Edit 3: See link for graphic of a sequence of 5 circles, where

z = 1.27 Cos(220) + 1.27 Sin(220) i

r = 0.87

R = 2.444

X = 0.425

Y = -0.092

This is very loosey-goosey stuff, I'm not even sure if there's an exact solution in this arrangement.

Edit 4: gianlino, where I am right now, it's 3 am in the morning. See next graphic, a nicer, more expected arrangement, but no 6. I have no idea how to bring in the 6th one. Tomorrow's Sunday.

Edit 5: 2nd pic specs:

z = 1.66 Cos(121.7) + 1.66 Sin(121.7) i

r = 1.455

R = 5.941

X = 2.483

Y = -1.565

(fixed specs on R circle)

Edit 5: 3rd pic specs:

z = 1.40 Cos(128.5) + 1.40 Sin(128.5) i

r = 1.10

R = 3.398

X = 0.989

Y = -0.253

It isn't too much trouble finding solutions where there are 5 circles tangent to a common one, maybe I'll pick one and perfect it to a higher degree of accuracy. However, getting all 6 seems hopeless, and more than 6 seems impossible. I can't visualize how it would even look.

Edit 6: Yes, it is possible, for each angle (argument), to iteratively work out a solution where the first 5 are tangent to a common circle, leaving the 6th one "hanging out". Then it's just a matter of checking out all the possible angles from 0 to 180. If the 6th one won't come in, then there is no solution that I can see. At least for the case where 3 circles are inside and 3 circles are outside the common circle tangent to all. Now, let me try a whole different approach.

Edit 7: All right, have a look at the 4th solution, 4th link:

z = 0.725 Cos(142) + 0.725 Sin(142) i

r = 0.545

R = 0.213

X = 0.036

Y = -0.0078

It looks like a 6 circle solution, but I don't believe it's a real solution. If it is, then there is something deeper going on that I don't understand yet.

Edit 8: Let's see if I can reverse engineer the pic you've posted. This is the kind special non-trivial case where we have exactly 6 circles sharing a common tangent circle, in an infinite sequence of sequences. The question is, are the centers of those circles of the form z^n? I'll find out, maybe later tonight or tomorrow.

The point is, there's an infinity of solutions where there are 5 circles, but it was a question whether there exists any special 6 circle solutions that aren't trivial. Now the question is, are there any more? There can only be a finite number of such solutions. I must admit this is very fascinating.

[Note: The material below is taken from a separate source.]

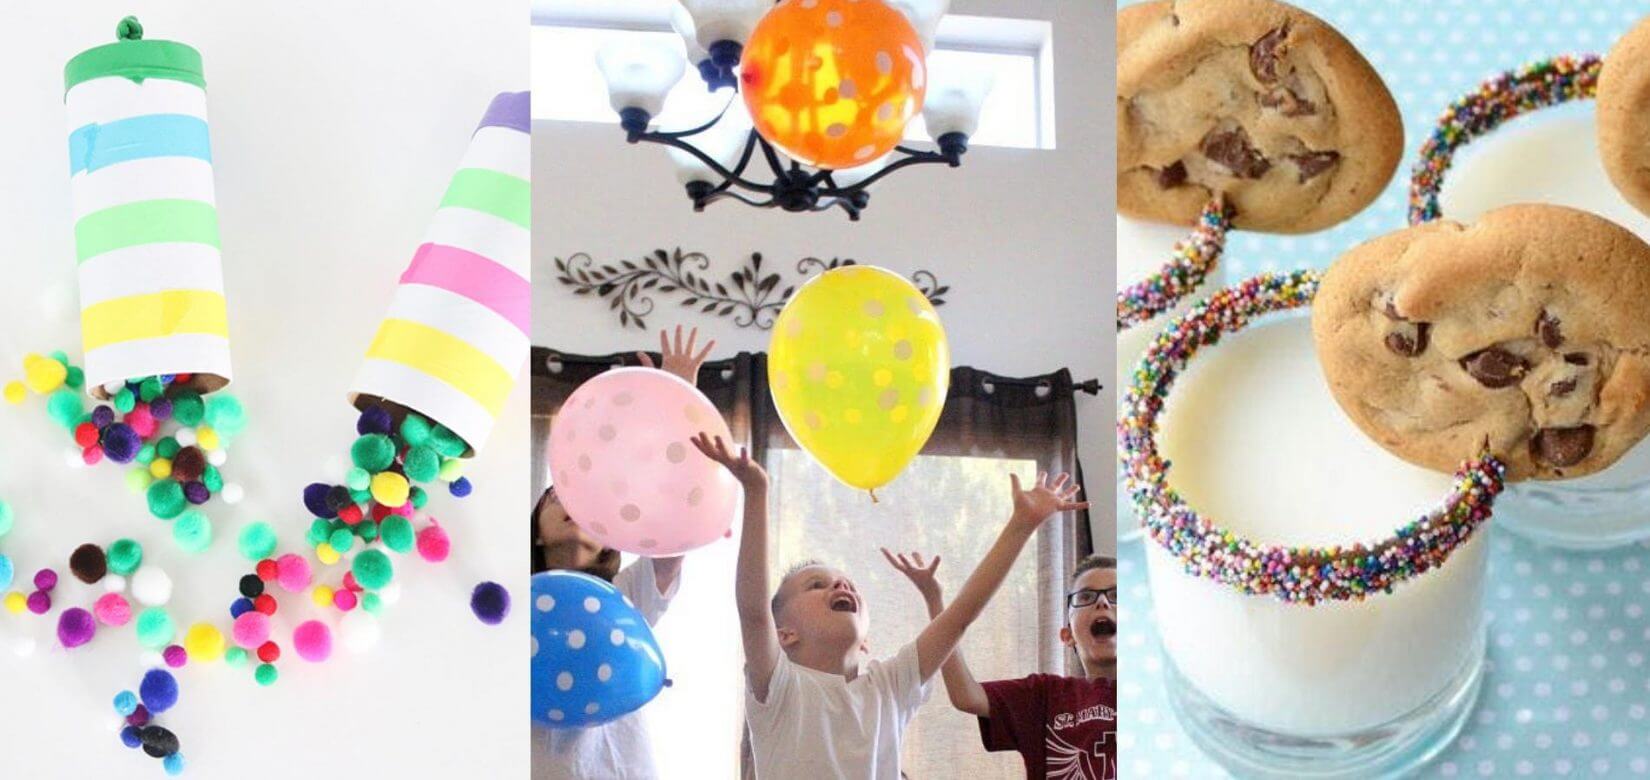 Πρωτοχρονιά: Η νέα μόδα "προστάζει" γιορτινά παιδικά πάρτι το μεσημέρι της Παραμονής!

Edit 9: In order for to have self-similar sequences of sequences of circles, as depicted by your picture, the radii of the circles need an extra variable, namely radius = a r^n, not just r^n. That means 7 degrees of freedom, not 6. So, there should be an infinity of solutions in that case. Yes, that is the classic definition of a geometric progression, but I took R_n =r^n to mean that a = 1. Anyway, I think I am running out of space here, Y!A is going to truncate me soon.

Coxter's Loxodromic sequence of tangent circles Is an infinite sequence of circles arranged such that any 4 circles in the sequence are pairwise mutually tangent. That means that each circle in the sequence is tangent to the 3 circles that precede it and also to the three circles that follow it. Hence the maximum length of a geometric sequence of circles such that there exists a circle tangent to all of them and not included in sequence is 6.